3. Вклад Эриксона в психотерапию (1982)

Я представлю вам некоторые случаи из опыта личного обще­ния с Милтоном Эриксоном и попытаюсь передать мое понима­ние этого необыкновенного человека и его работы. Я много пи­сал об эриксоновской терапии, но ее основатель остается для меня загадкой. Хотя мы общаемся много лет, понять его до конца я никогда не мог. Проведя с ним в беседах сотни часов, я знаю его гораздо хуже, чем тех, с кем общаюсь поверхностно. За свою жизнь я изучал многих психотерапевтов, а Эриксона глубже, чем кого бы то ни было. Научившись многим из его те­рапевтических приемов, я использовал их в своей практике и преподавании. Не проходило и дня, чтобы я не применил в моей работе чего-либо из того, что узнал от Эриксона. И все же основные его идеи я ухватил лишь частично. Я чувствую, что если бы понял более точно то, что Эриксон пытался объяс­нить об изменении людей, мне бы открылись новые горизонты в терапии.

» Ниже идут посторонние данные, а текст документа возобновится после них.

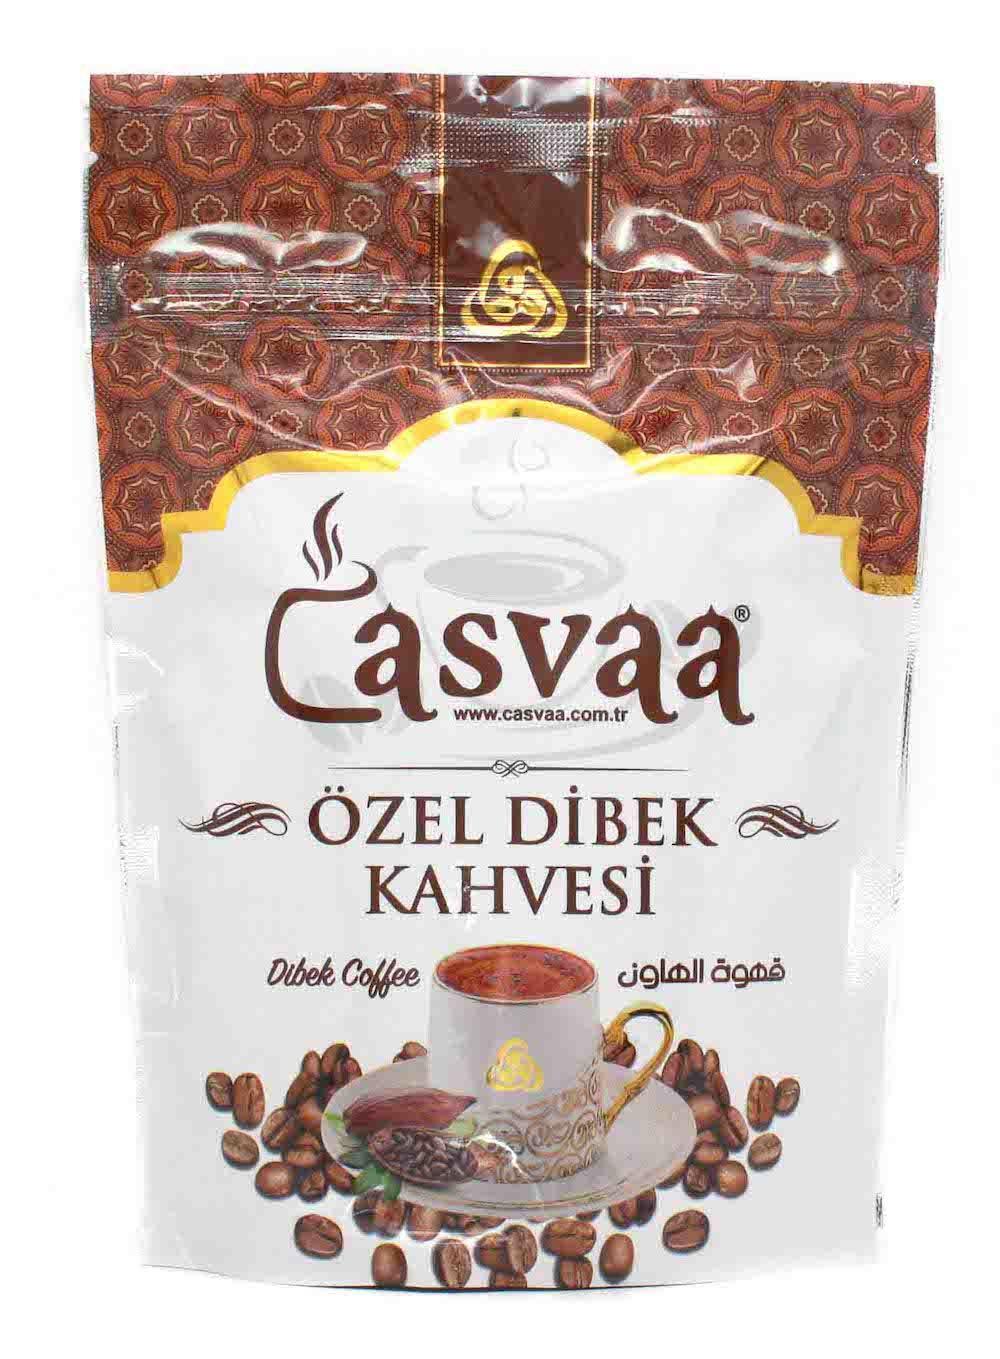 Кофейный напиток Турецкий кофе молотый с добавлением кардамона, Casvaa, 200 г import_files_b4_b4e4e9e13ea211eba9db484d7ecee297_91422d95406011eba9db484d7ecee297.jpg
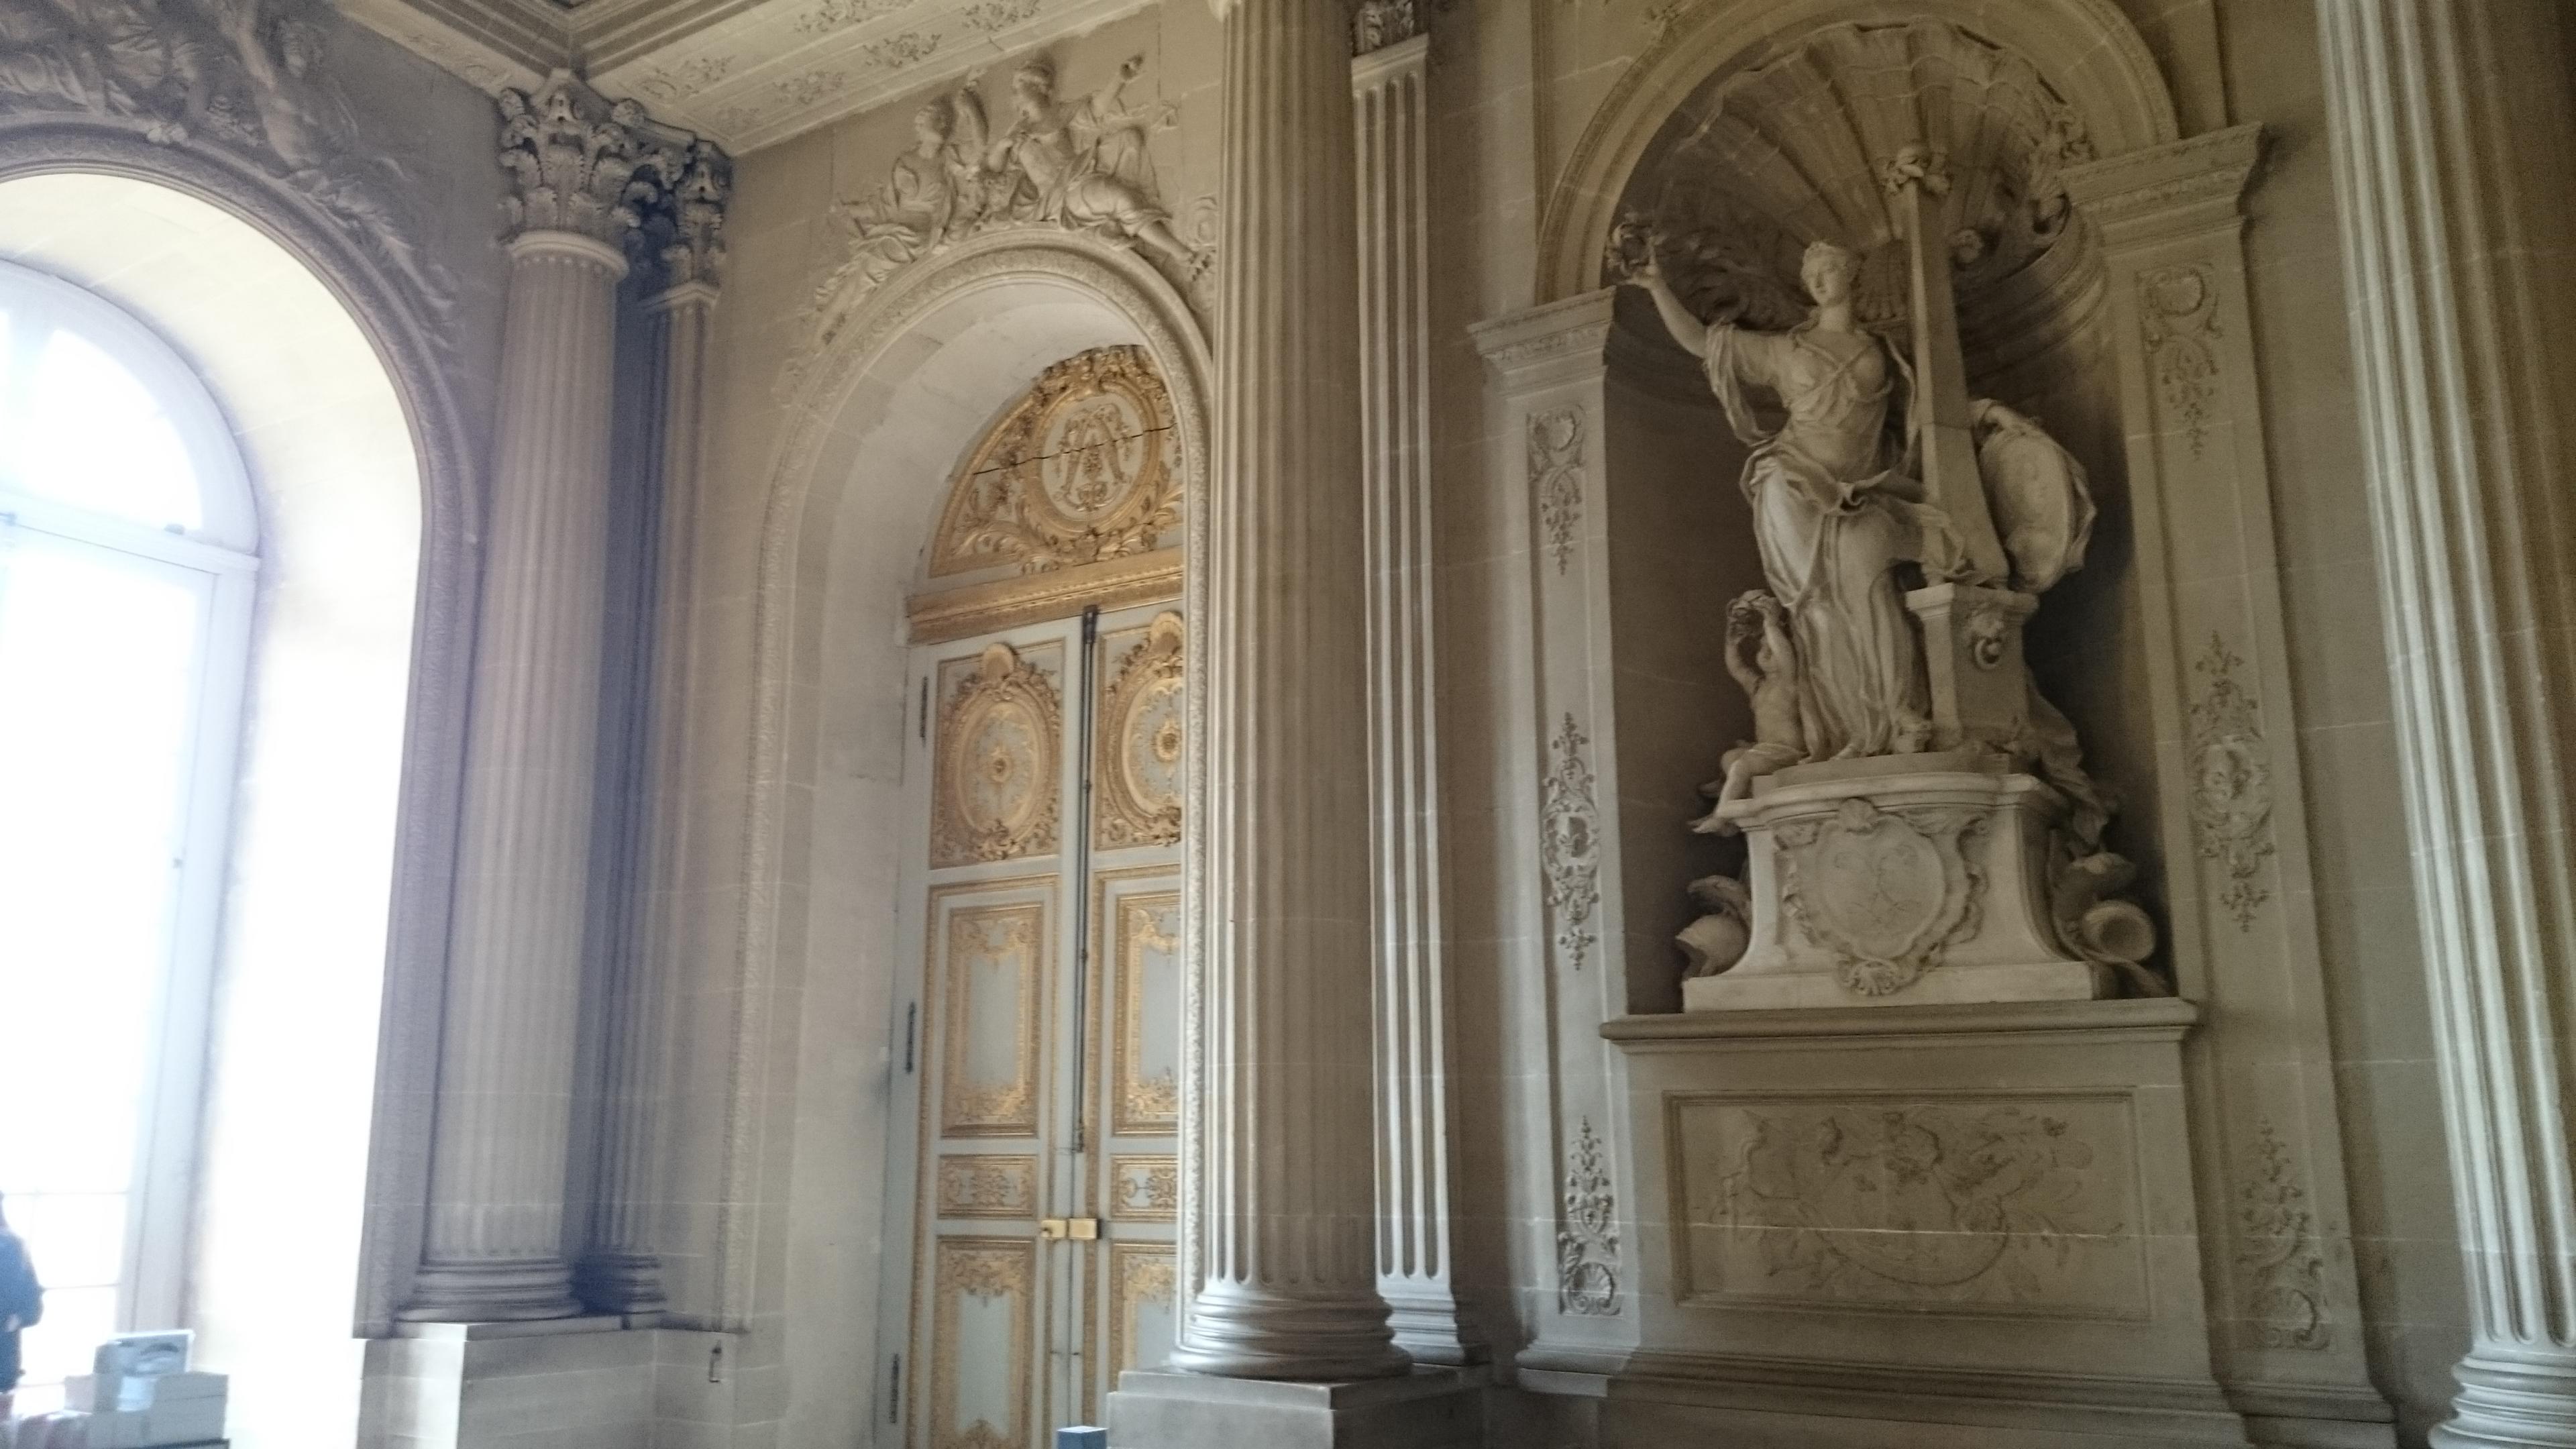 dsc 13271 - Visita al Palacio de Versalles: Como ir, cuanto cuesta y tips III/III

Эриксон никогда не делал секрета из своей работы. Вполне возможно, что он был самым открытым для публики терапевтом за всю историю психотерапии. На протяжении многих лет он проводил семинары и мастерские для больших аудиторий как у себя на родине, так и за рубежом. Он опубликовал более ста работ. Тысячи посетителей, поодиночке и группами, приезжа­ли поговорить с ним. Его лекции, демонстрации и беседы запи­сывали на пленку чаще, чем любого другого практикующего те­рапевта. Он щедро отдавал себя и свои знания всем заинтересо­ванным. И хотя Эриксон любил показывать, что вам еще учиться и учиться, он никогда не пытался казаться загадочным или непонятным. Он старался упростить и объяснить свои идеи так, чтобы их мог понять любой. Порой он терялся, когда мно­гие из нас понимали его идеи лишь частично. Сколько раз на протяжении многих лет я спрашивал его, почему он делает что- то в терапии, а он отвечал: “Это же очевидно”. Я говорил: “Нет, Милтон, это не очевидно” — и продолжал расспрашивать его только для того, чтобы обнаружить новую и неожиданную сложность в его мыслительном процессе.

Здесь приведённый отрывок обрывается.